What does this have to do with anxiety—trust me, LOTS!! You shoulda seen her. Her style…frozen while she knows she’s trapped, and then lightening quick at the first opportune moment. And oh, lots of crying…Lily can sound almost human when she gets going. Her eyes have this stricken victim look that could break your heart. But when she sees her chance, she can move pretty fast for an old girl. This is her MO: still and appearing cooperative, pleading with her eyes, and always on the lookout to make a break. That’s our Lily!

Did’ja ever notice how most of us have a style of what to do when we feel like the heat is on? And did’ja ever notice how far back that style can go?

When you were a kid, remember how vulnerable you were? Needed to make your way into adulthood. Some are fortunate and grow up secure in the knowledge that we will receive all the essentials from our parents—consistency, food, shelter, love and learning what a kid needs to learn. Other kids find the grown ups in their lives are abusive, inattentive, depressed and absent, addicted to something because of an unknown pain in their lives, or otherwise well-intentioned, but can make the world a tentative scary place for a kid. Meals not quite so predictable, or love expressed only with “strings attached”.

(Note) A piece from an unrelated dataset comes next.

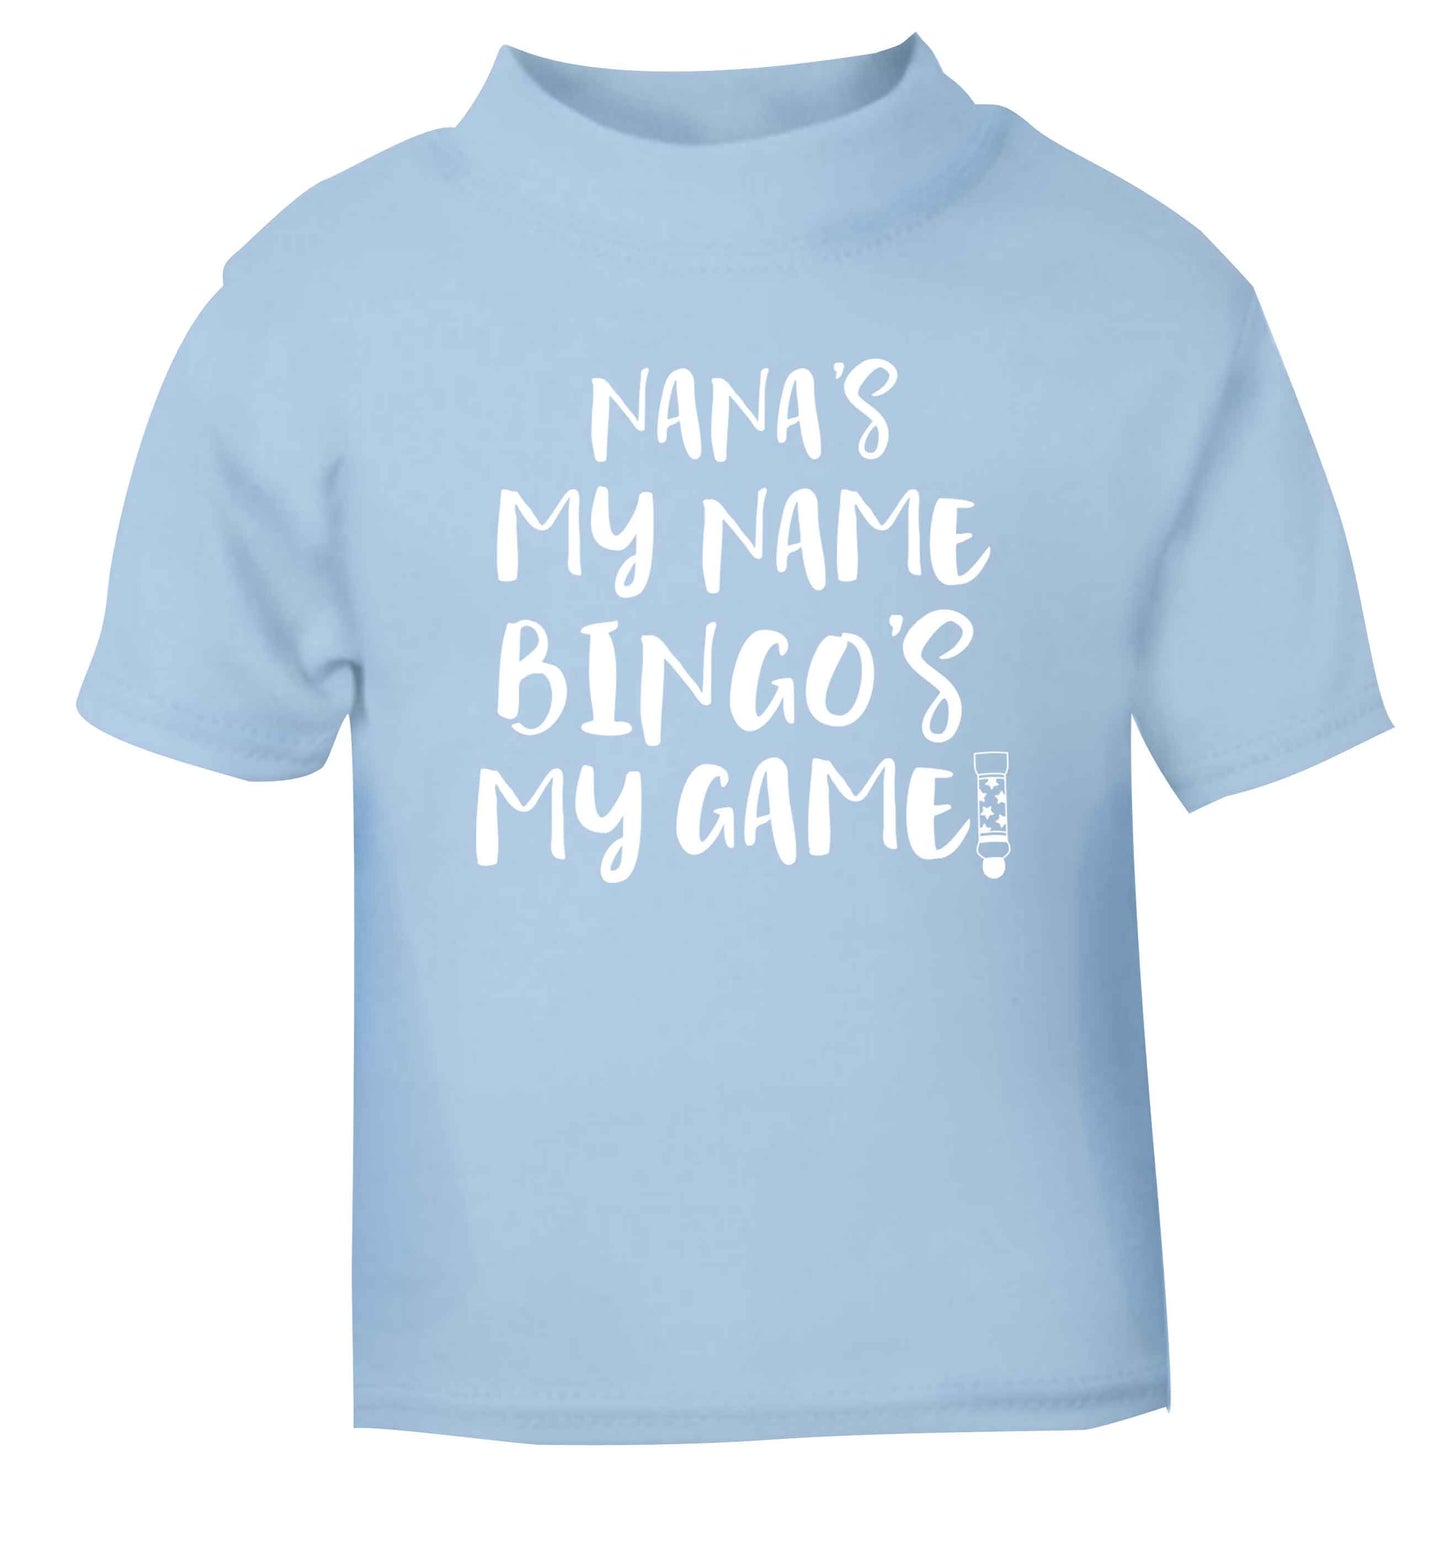 Nana's my name bingo's my game! light blue Baby Toddler Tshirt 2 Years
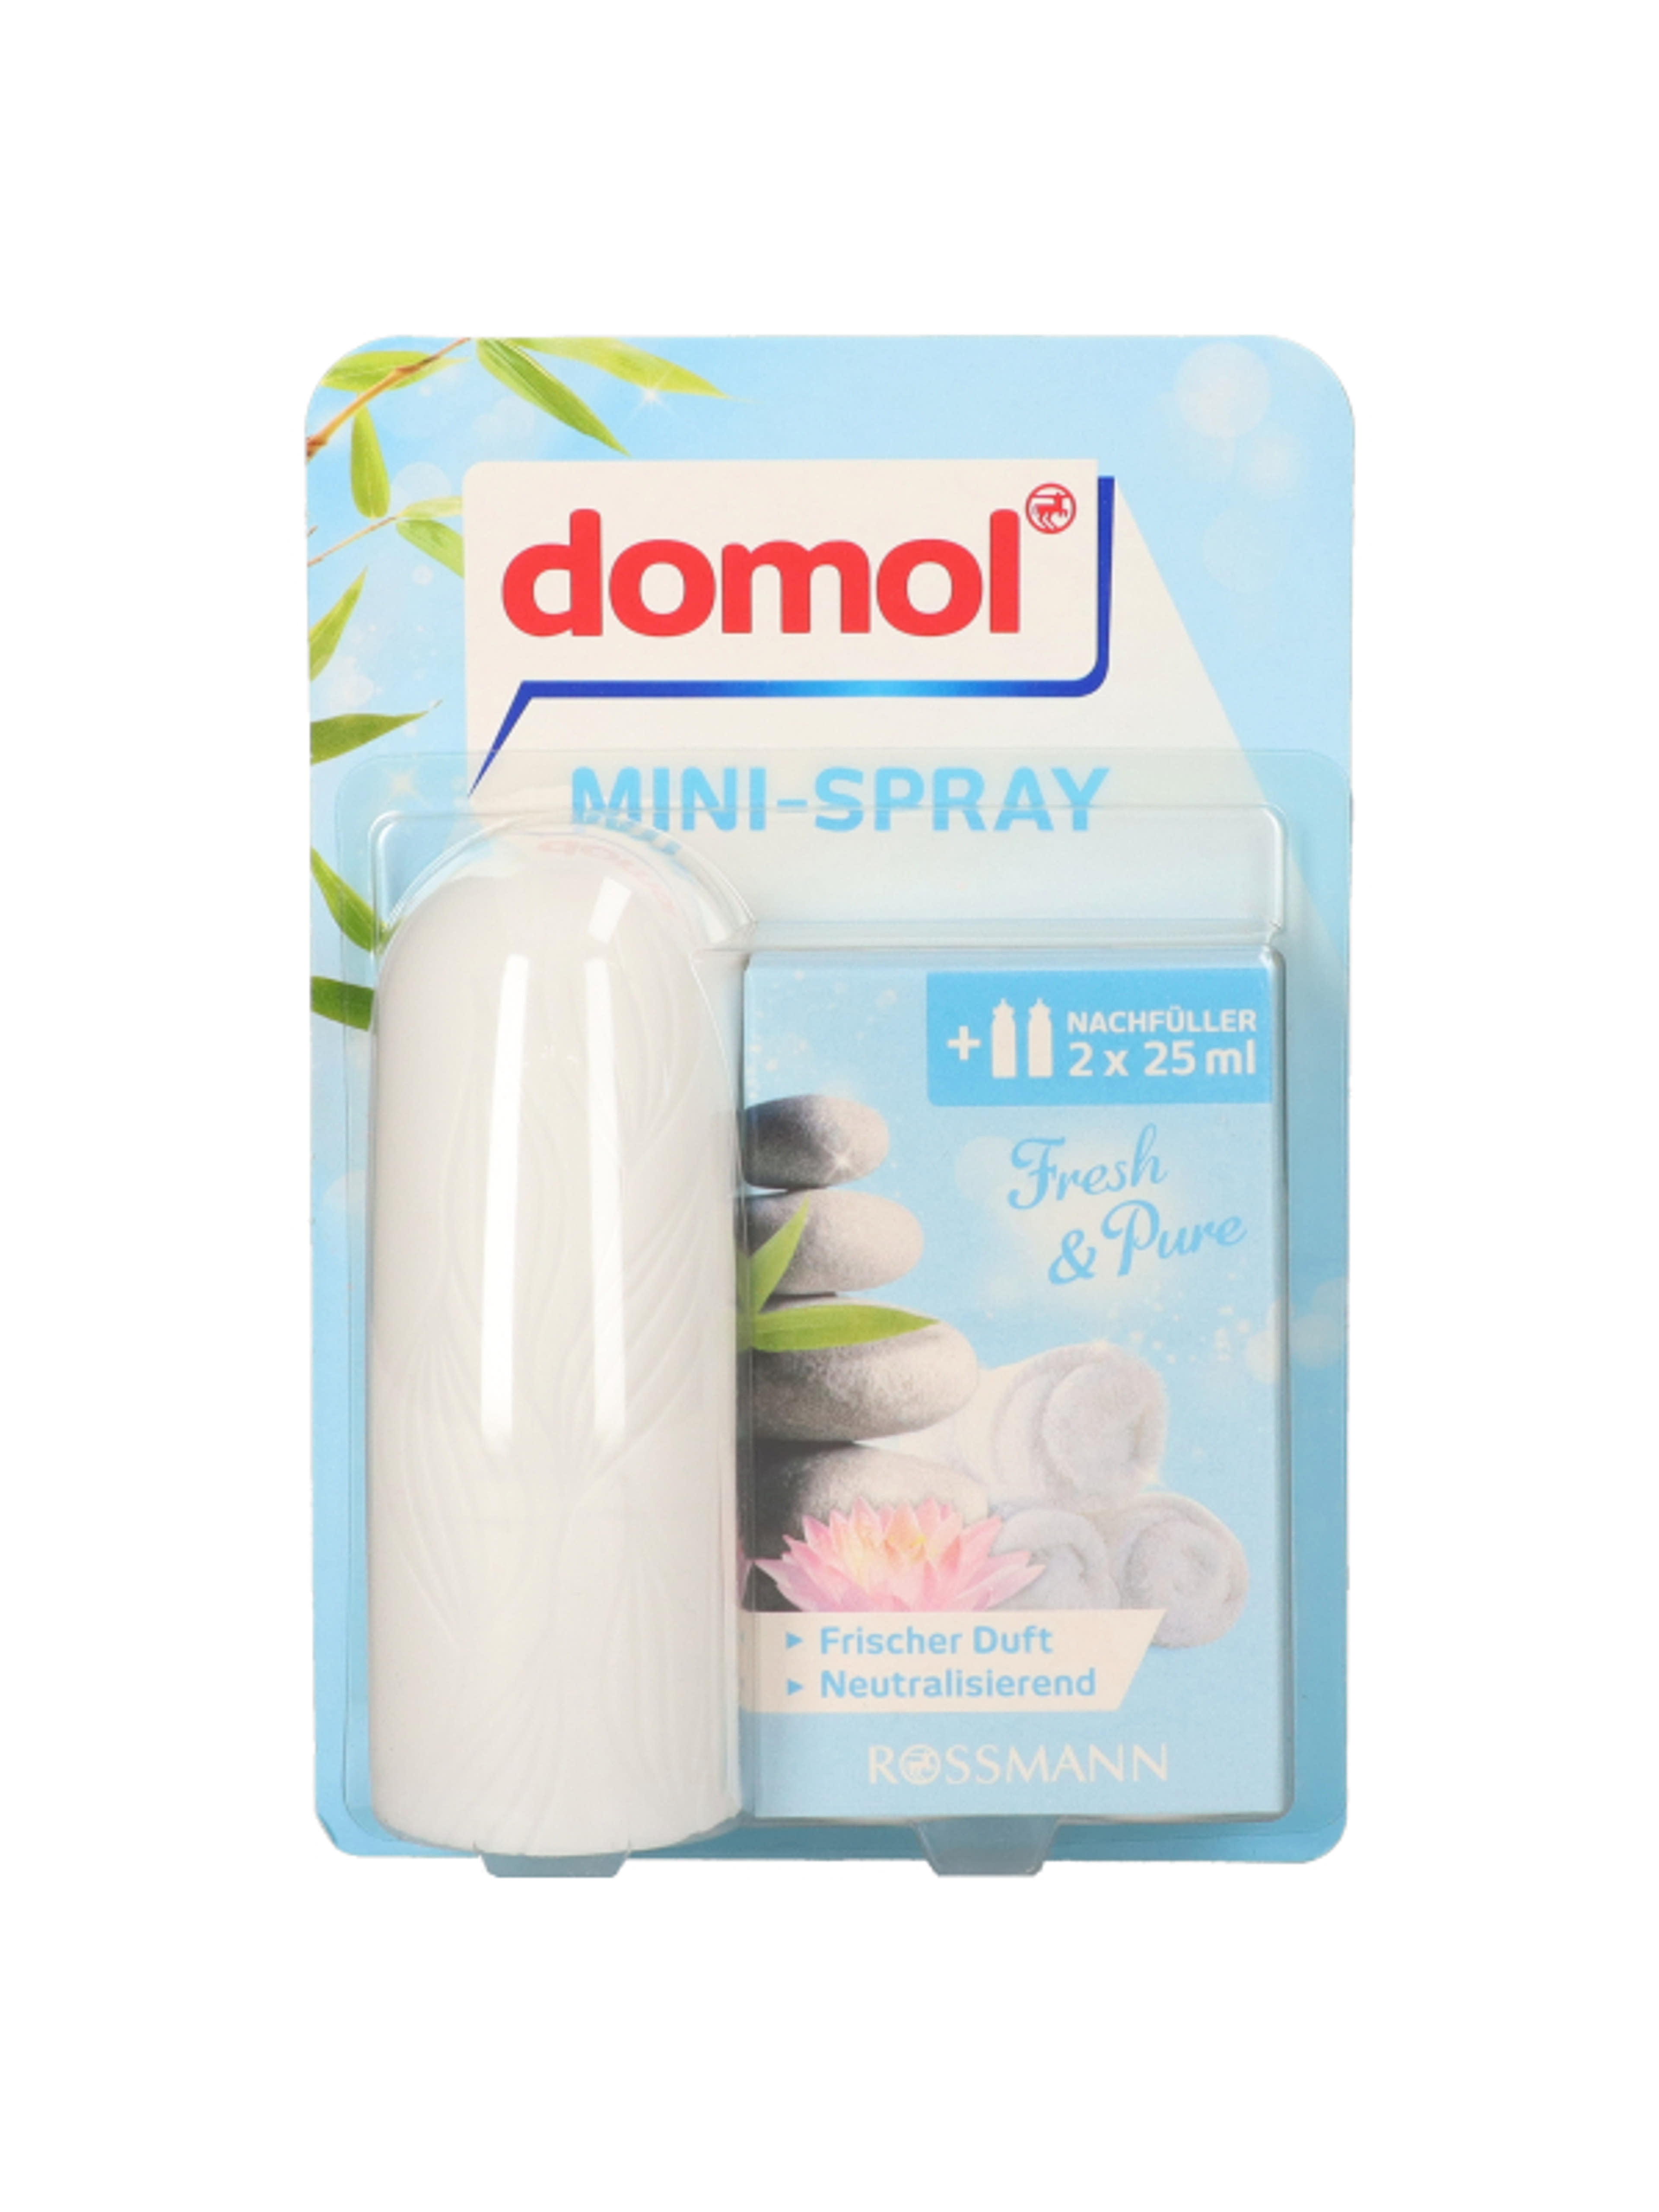 Domol Original Orange Mini-Spray - 50 ml-1

So the cute cooperative girl knows that her parents respond to sweetness, cuteness and so learns to be coy and appealing to keep her parents engaged–feeling like they get preoccupied with the country club and work, but love showing off their adorable princess.

The confrontational boy knows that no one is gonna protect him except him, and so he takes on the world as an enemy and lets no one in—that way no one can hurt him.

The helpful hardworking girl realizes that’s how she can sustain an overworked exhausted single mom and ensure there is some room at the end of the day for some TLC for her.

The little boys figures out that when he disappears during conflict, the fight doesn’t escalate, he doesn’t get as hurt, doesn’t have to see his mom get pushed around (how scary is that for a kid!) and it will be quiet when his dad passes out in a drunken stupor.

Kids aren’t consciously manipulative…just trying to get through life in a world that seems scary and is perceived as unpredictable. Kids, without a lot of resources, develop a tool that works and use it—generally effectively. The family system absorbs and adapts to this strategy. The examples are very clear, often a child’s fear, and their coping strategies are much more subtle than the above circumstances.

Problem is that when you get to adulthood, the types of situations a person encounters requires more than the one standard approach that worked over and over again earlier in a person’s life. It’s like having a hammer—works well when your problem is a nail, but not every challenge is a nail. Suddenly what worked so well as a kid, now does not address the adult situations successfully.

When we are anxious, our default position is to go back to the “tried and true” strategies that we learnt were essential (and successful) to our survival over the decades.

So the cute, adorable girl finds that being cute and adorable attracts men easily and she is well cared for but sets her up to be manipulated by men who take advantage of her.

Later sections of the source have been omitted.